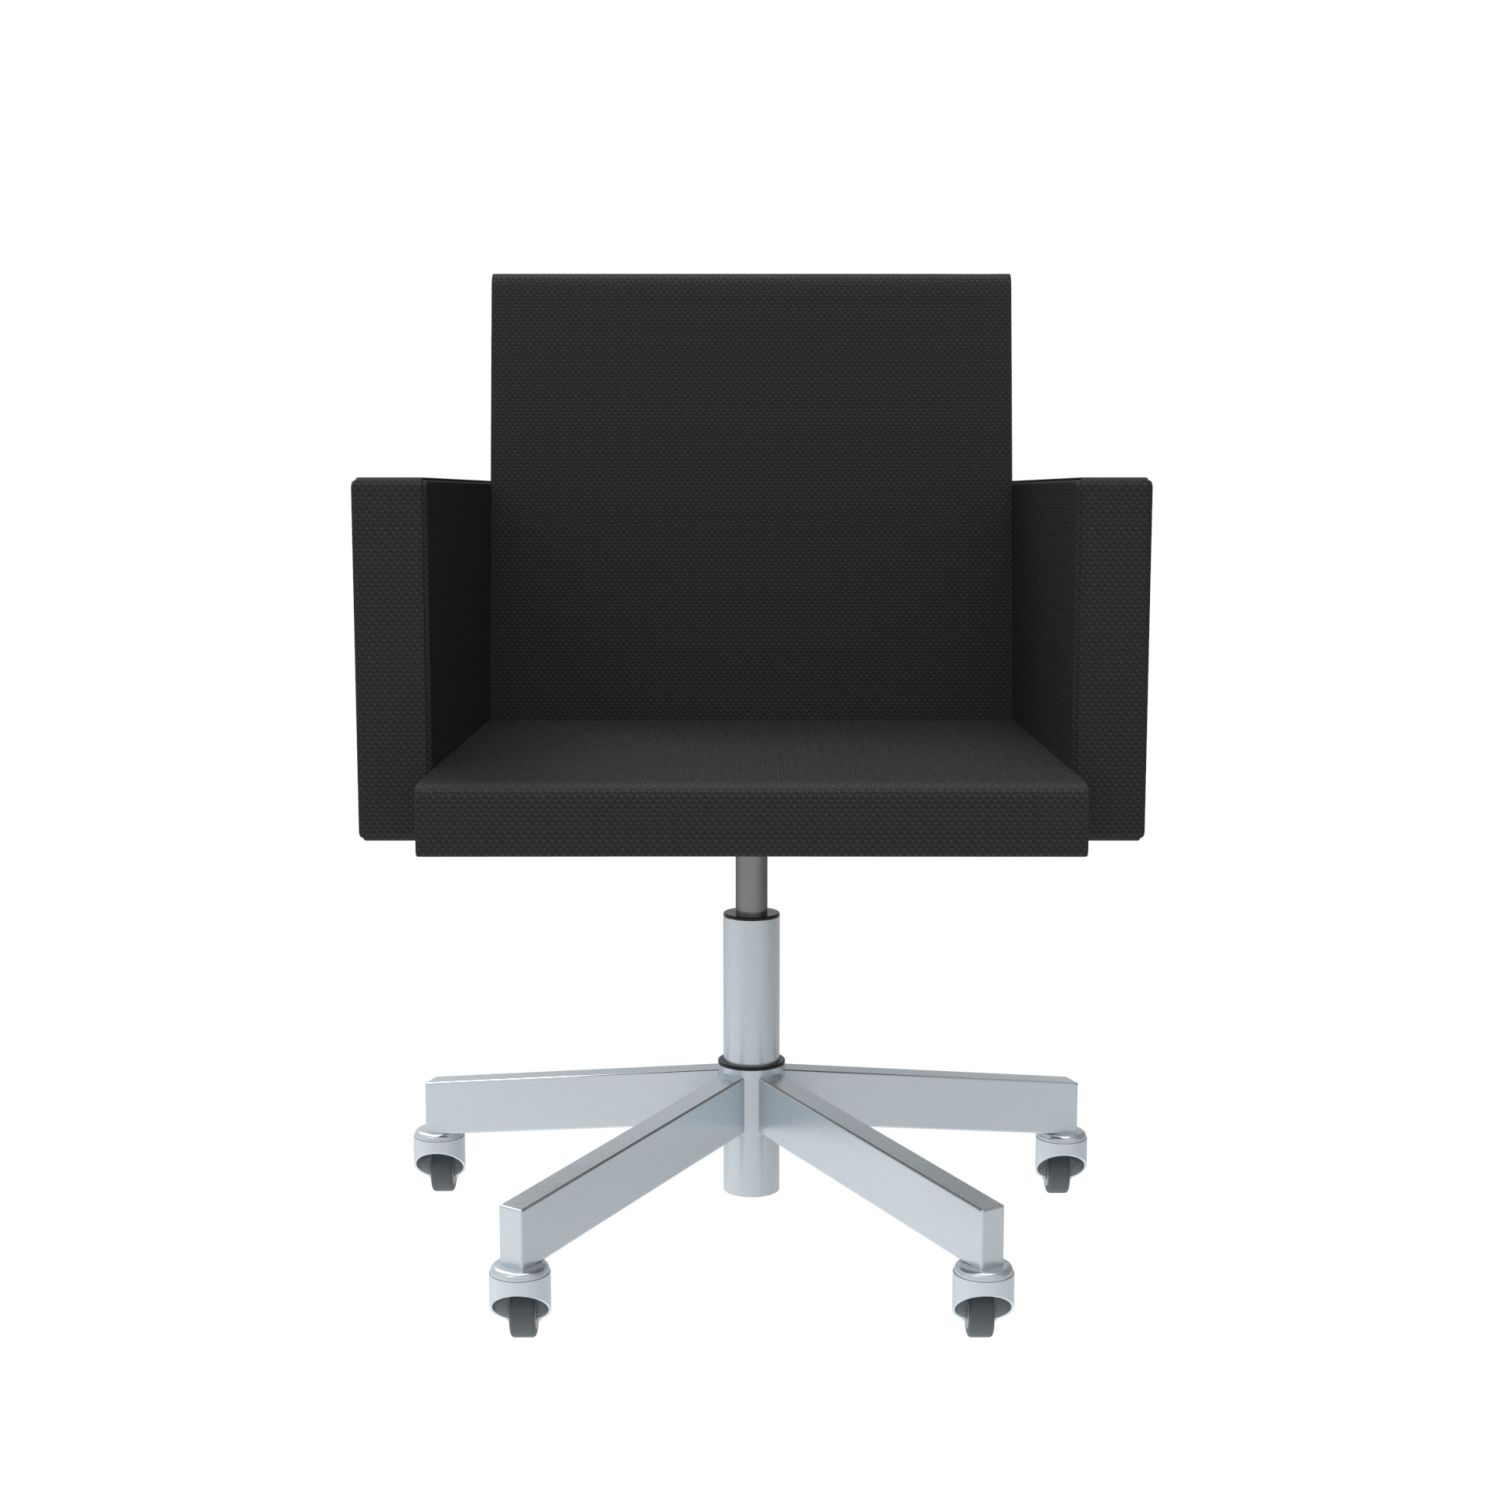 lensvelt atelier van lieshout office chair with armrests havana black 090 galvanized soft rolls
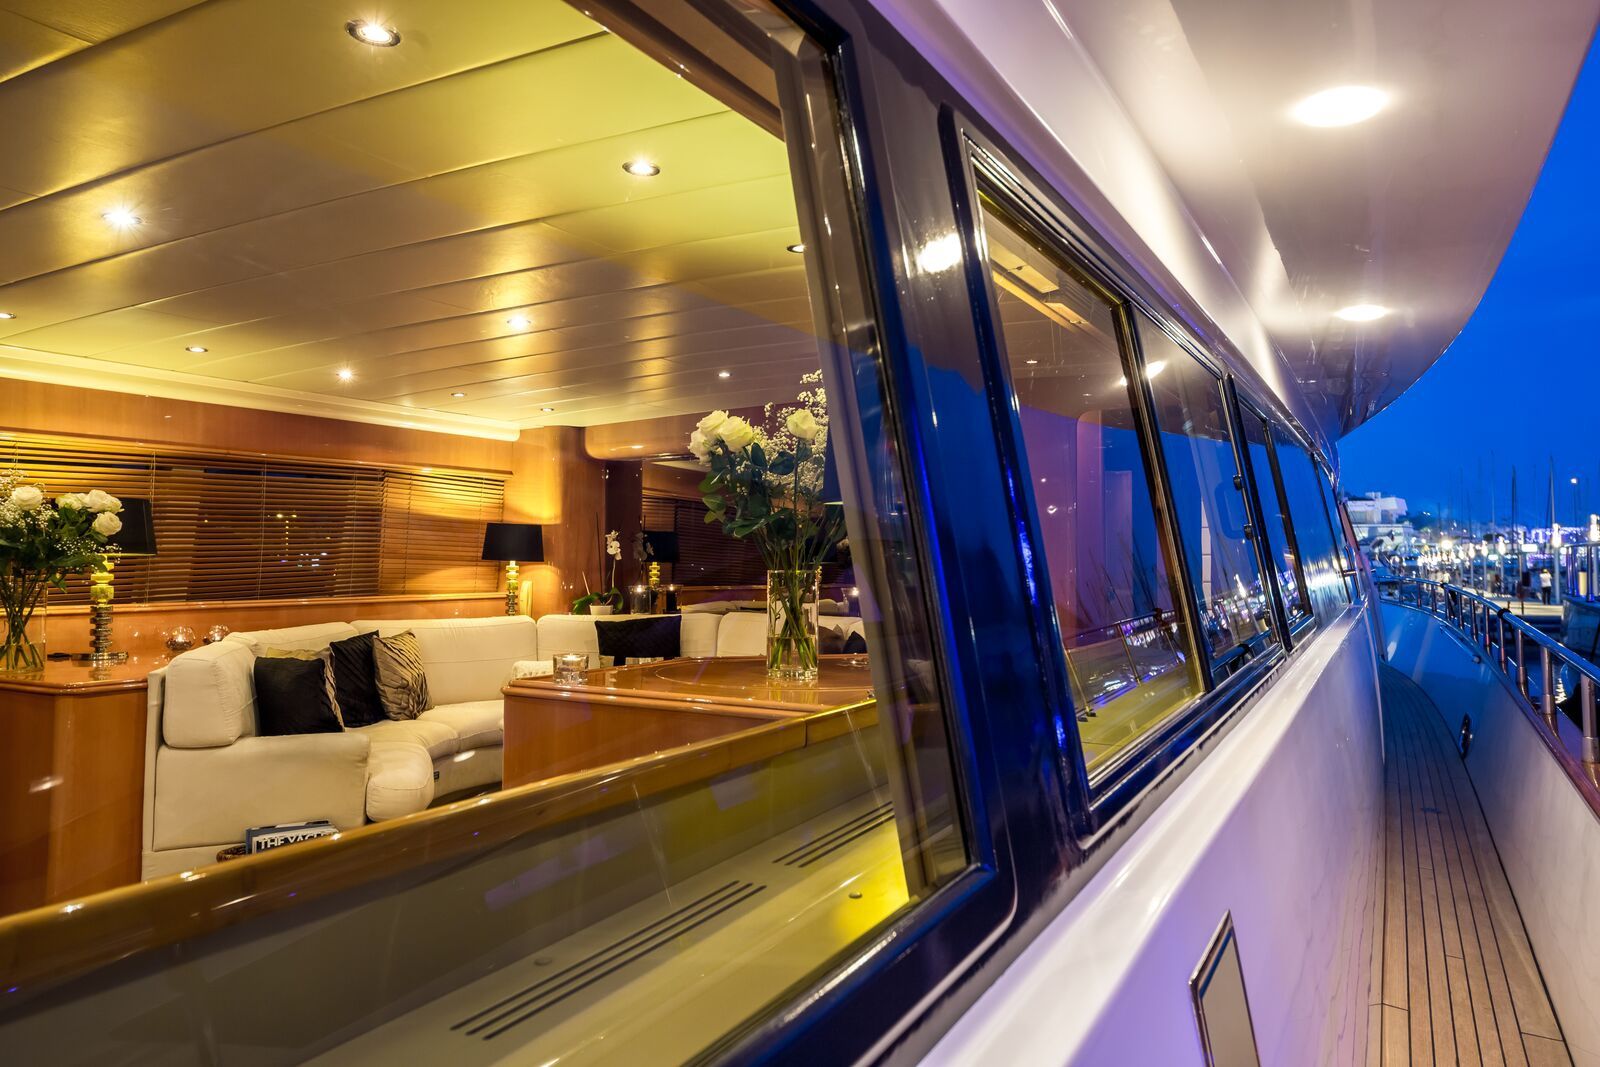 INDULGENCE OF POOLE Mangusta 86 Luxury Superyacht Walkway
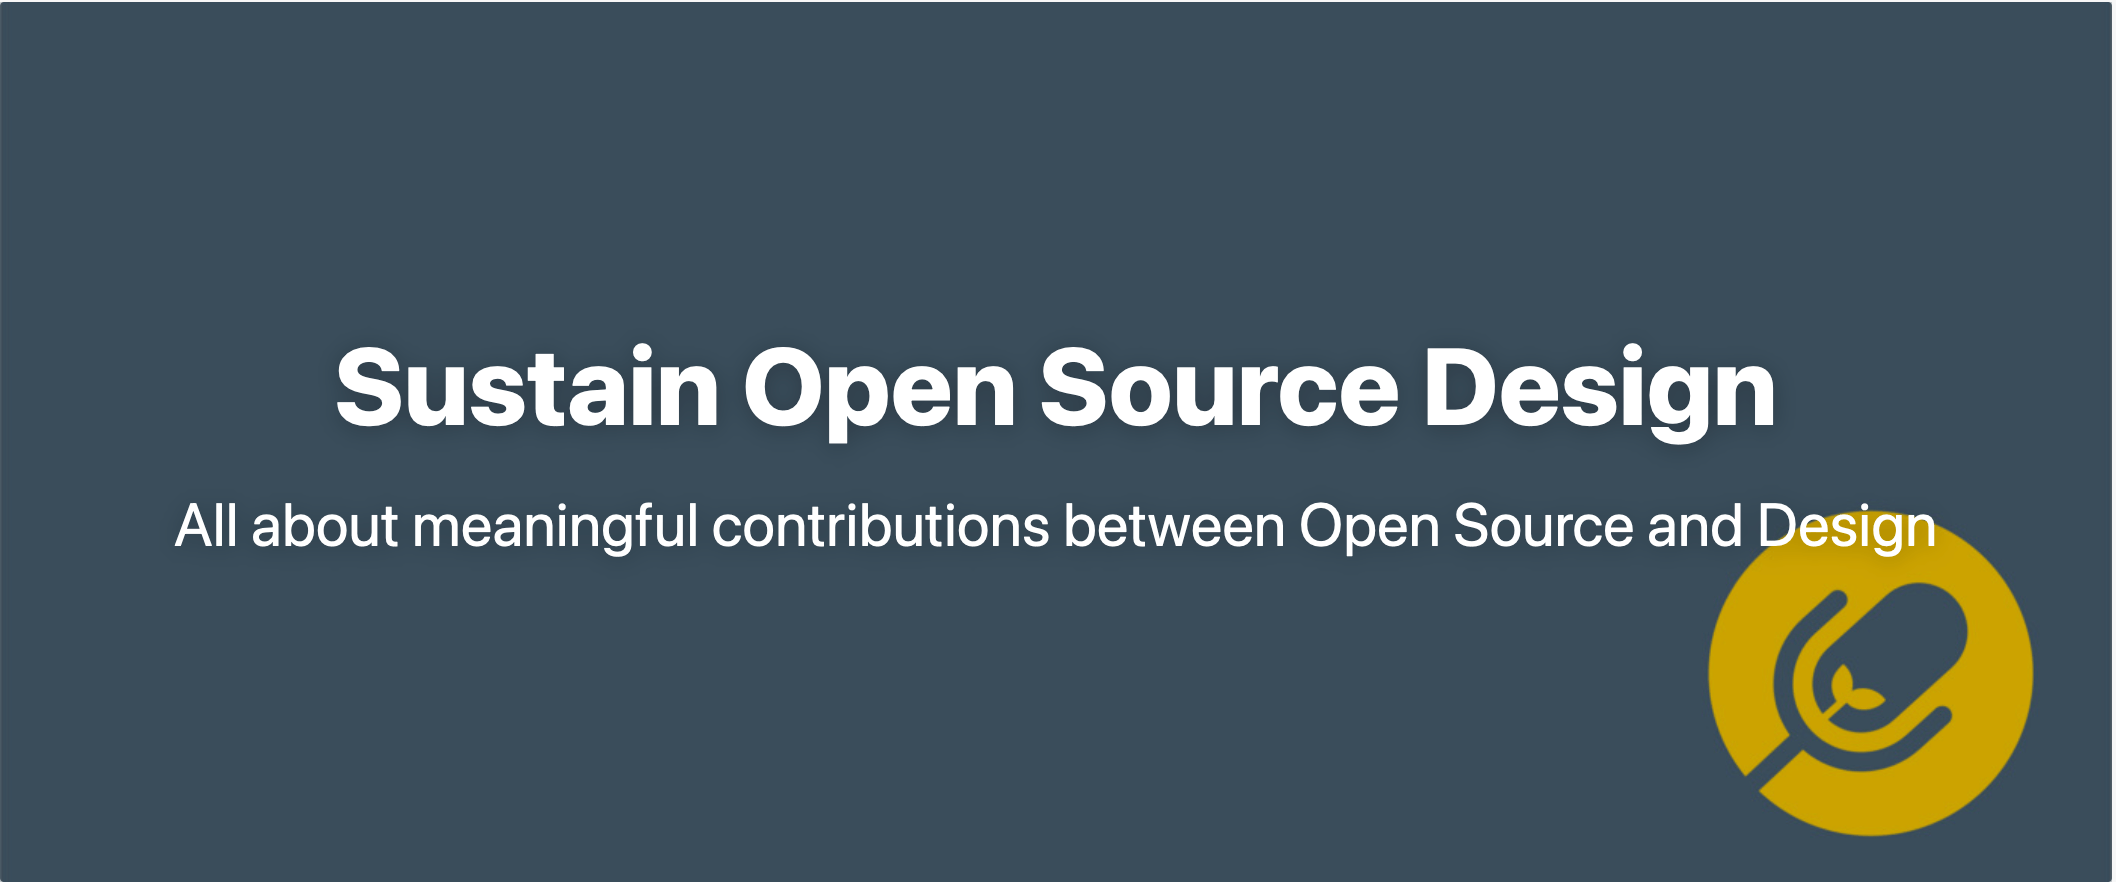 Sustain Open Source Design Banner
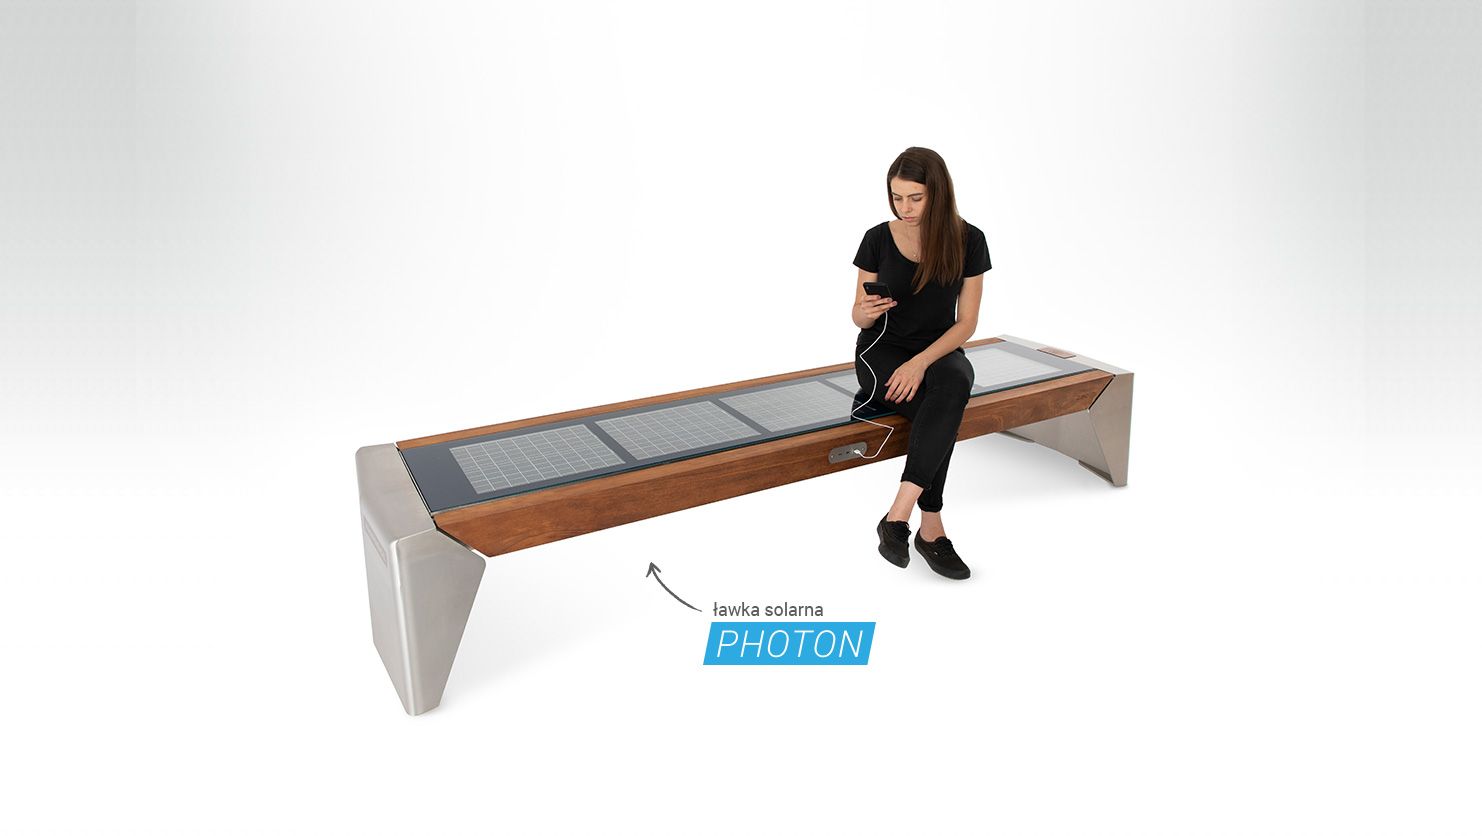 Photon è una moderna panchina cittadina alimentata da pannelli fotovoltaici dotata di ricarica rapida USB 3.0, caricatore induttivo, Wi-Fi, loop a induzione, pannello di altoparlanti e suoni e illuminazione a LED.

## Exercise
Make an exact copy of the whole listing, but don't bring over any pictures.

## Answer space
 lensvelt atelier van lieshout office chair with armrests havana black 090 galvanized soft rolls
 INDULGENCE OF POOLE Mangusta 86 Luxury Superyacht Walkway
 Sustain Open Source Design Banner
 Photon è una moderna panchina cittadina alimentata da pannelli fotovoltaici dotata di ricarica rapida USB 3.0, caricatore induttivo, Wi-Fi, loop a induzione, pannello di altoparlanti e suoni e illuminazione a LED.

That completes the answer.